There are a great many ideas which don't have enough carefully-measured evidence to be sufficiently confirmed as scientific fact and accepted as such by the scientific community (a recent joke was "While the Higgs Boson has not been discovered yet, its mass is 125 GeV"), but don't have enough carefully-measured evidence to be ruled out yet, either. Do any of the tools of the LW community help narrow down which ones are more worthy of consideration than others?
Eg:
* Cryonics as an arguably reasonable bet for its cost: proto-science
* Cryonics as a surefire way to achieve immortality: nigh-certainly pseudoscience (unless it's the method by which your Everett Immortality keeps you alive)
* Using math to demonstrate that taking classical physics and adding determinism results in MWI-style quantum physics: proto-science.

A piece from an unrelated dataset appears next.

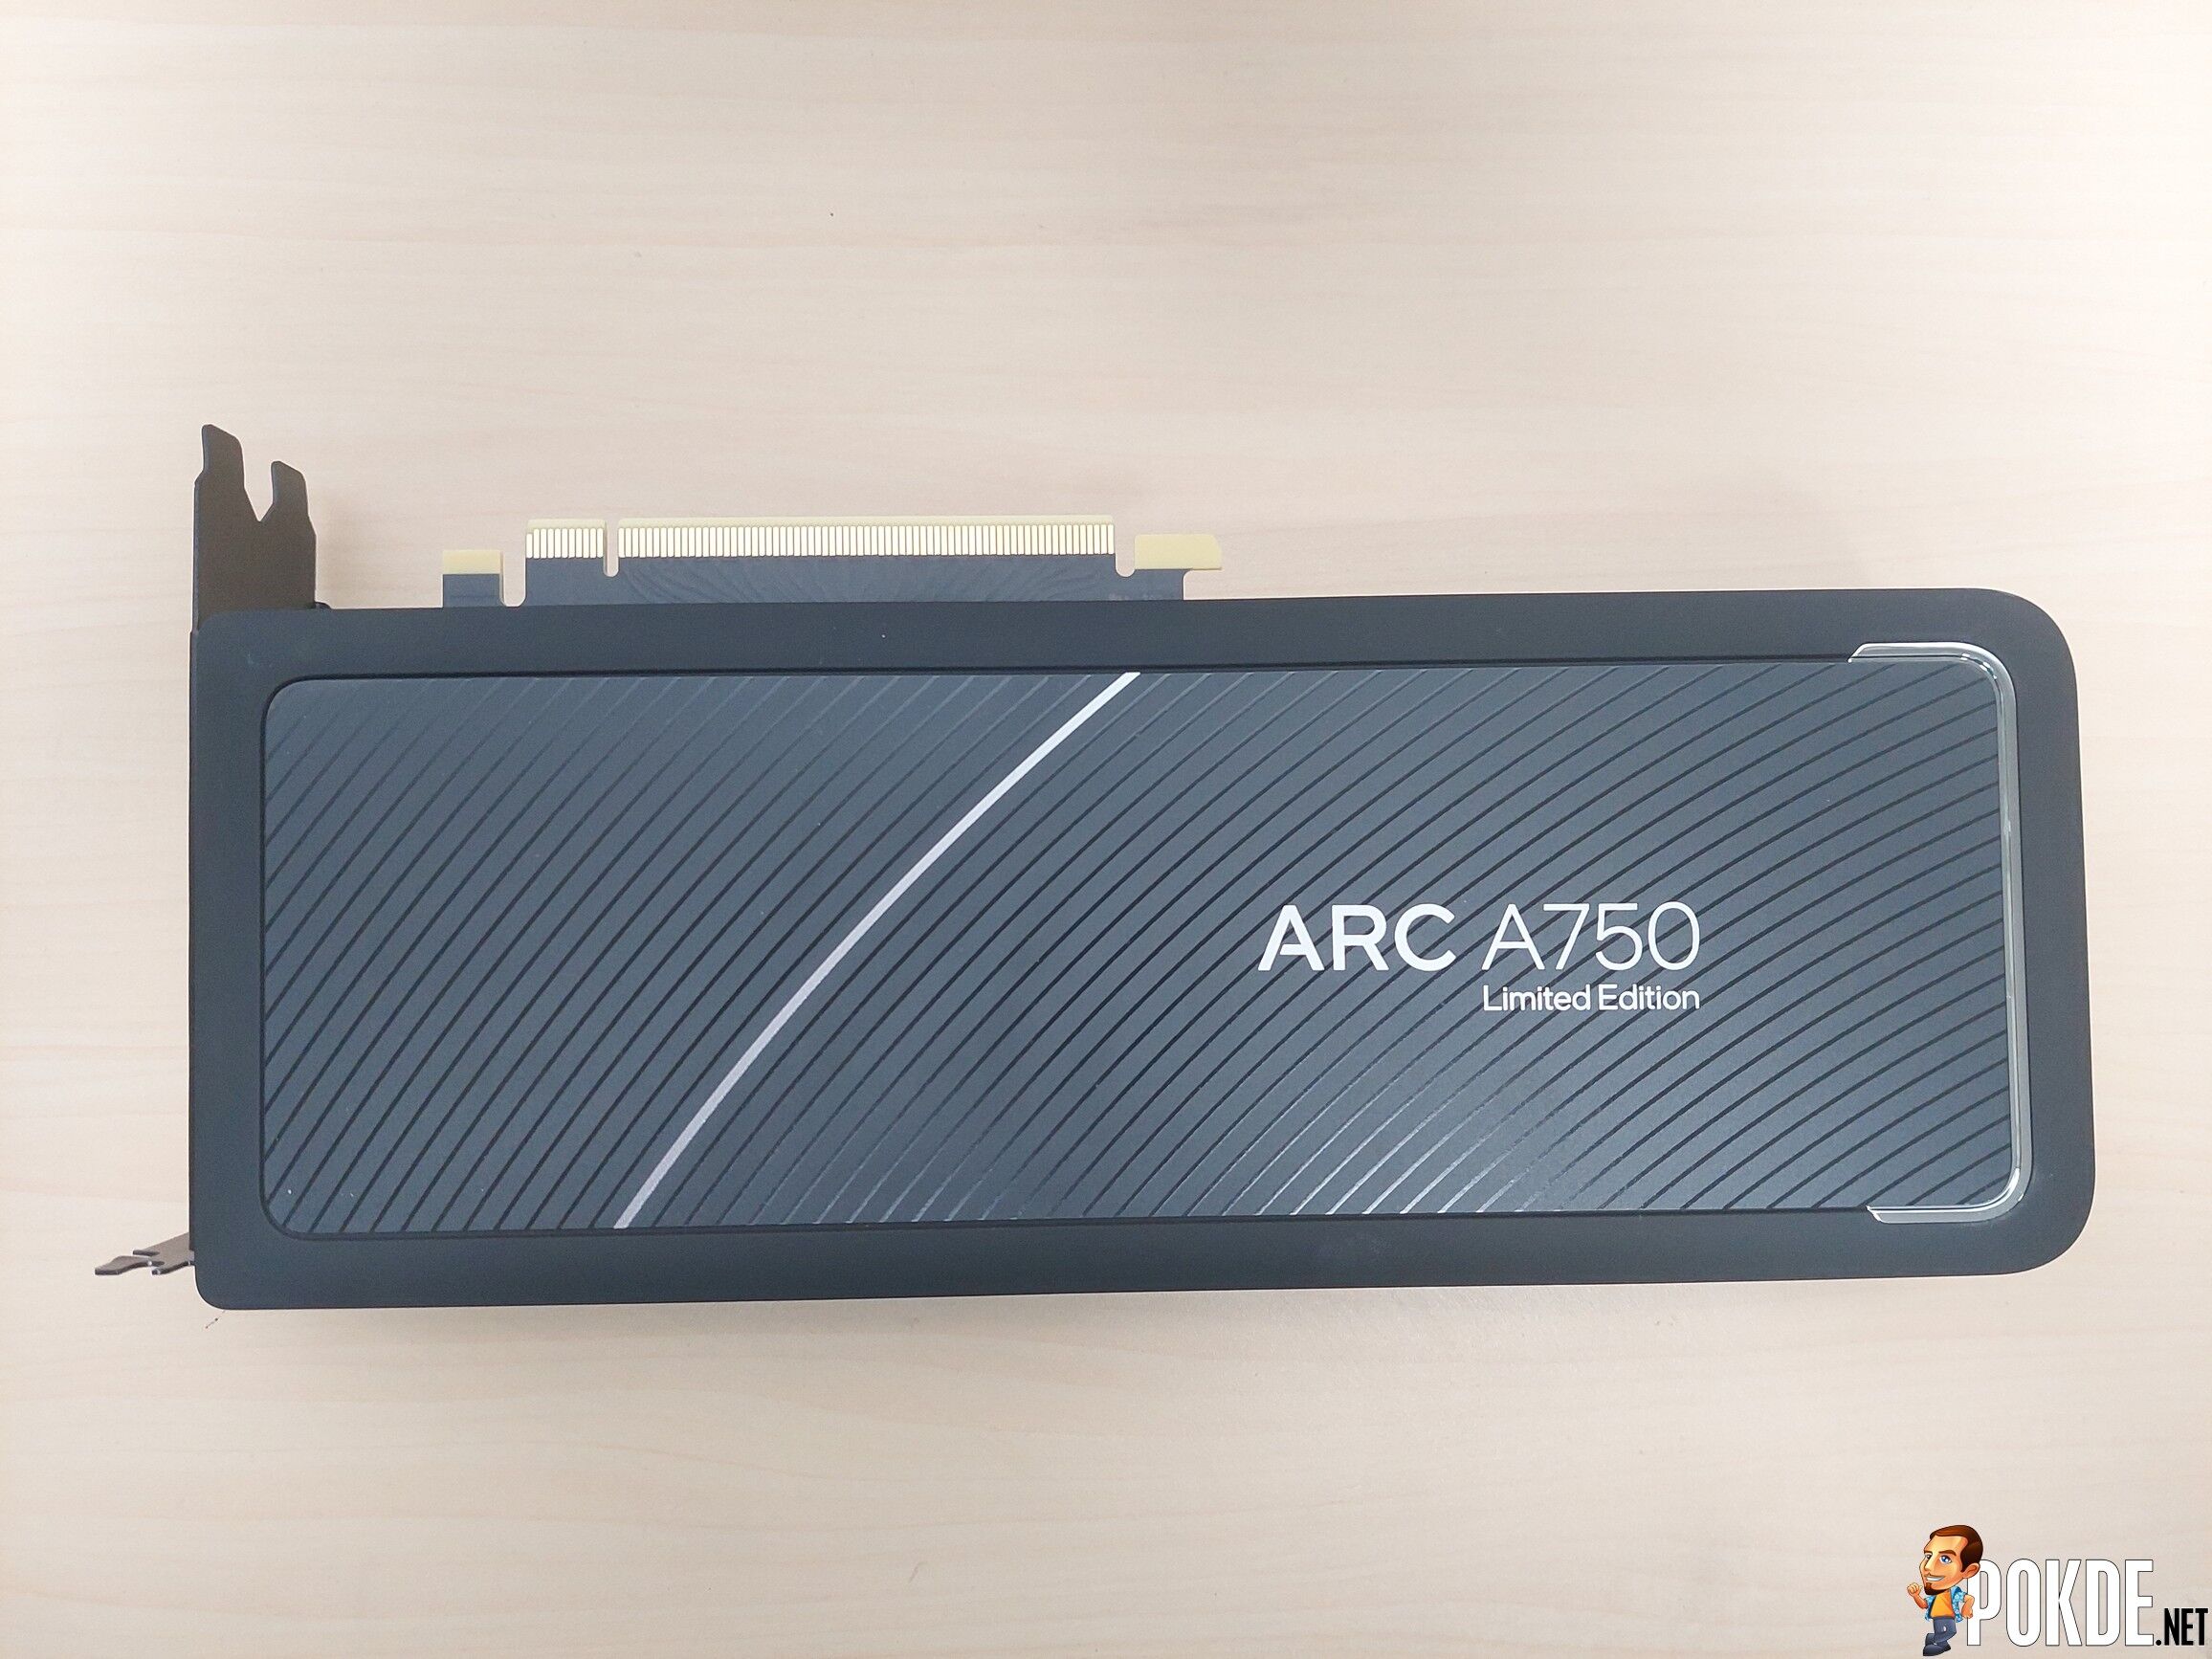 Intel Arc A750 Review - Redemption Arc? 38

* Using math to demonstrate that quantum physics proves Christianity is true, from a certain point of view: pseudo-science
* Tubulin might self-organize into microtubules capable of computation on a sub-neuron scale: Possibly proto-science
* Tubulin architecture is 'quantum' in nature and that is what gives rise to consciousness: Probably pseudo-science
* 'Quantum consciousness' means anything is possible: Downright silly
* The E8 Lie group can provide a system for organizing the properties of subatomic particles: Proto-science, perhaps
* Heim theory is useful for predicting particle masses: Pseudo-science, probabilistically
* Using the Bullet Cluster to claim that dark matter is a better theory than Modified Newtonian Dynamics: proto-science
* Claiming that dark matter is made of 'anapoles': Proto-science, perchance
* Suggesting that dark matter is actually gravitational leakage from MWI 'parallel universes': You tell me. (But if it's true, then since I can't seem to find any previous serious discussion of this idea, I get to name part of it after myself, right? :) )
These may not be the best examples, but they're the closest ones I can think of to the boundary. If you know of any better ones, feel free to comment with them.
Those last six words are what I'd like to find out, as soon as possible, if it's possible to do so; and I would appreciate any assistance on that score. (I regularly read 'Not Even Wrong', whose author puts forward a strong case that string theory is also worth skipping; which doesn't leave too many possibilities on the ground to pick from, these days.)
As Mitchell pointed out below, there are severe theoretical issues. The theory predicts 22 new particles (and doesn't even specify their masses thus making detection difficult) and fails to account for the properties of many existing ones. Most importantly, the theory has no chirality, and chirality is extremely important for fundamental particles. This error is severe and no way to avoid it has been found. E8 does crop up in string theory in other settings but it's unrelated to Lisi's work.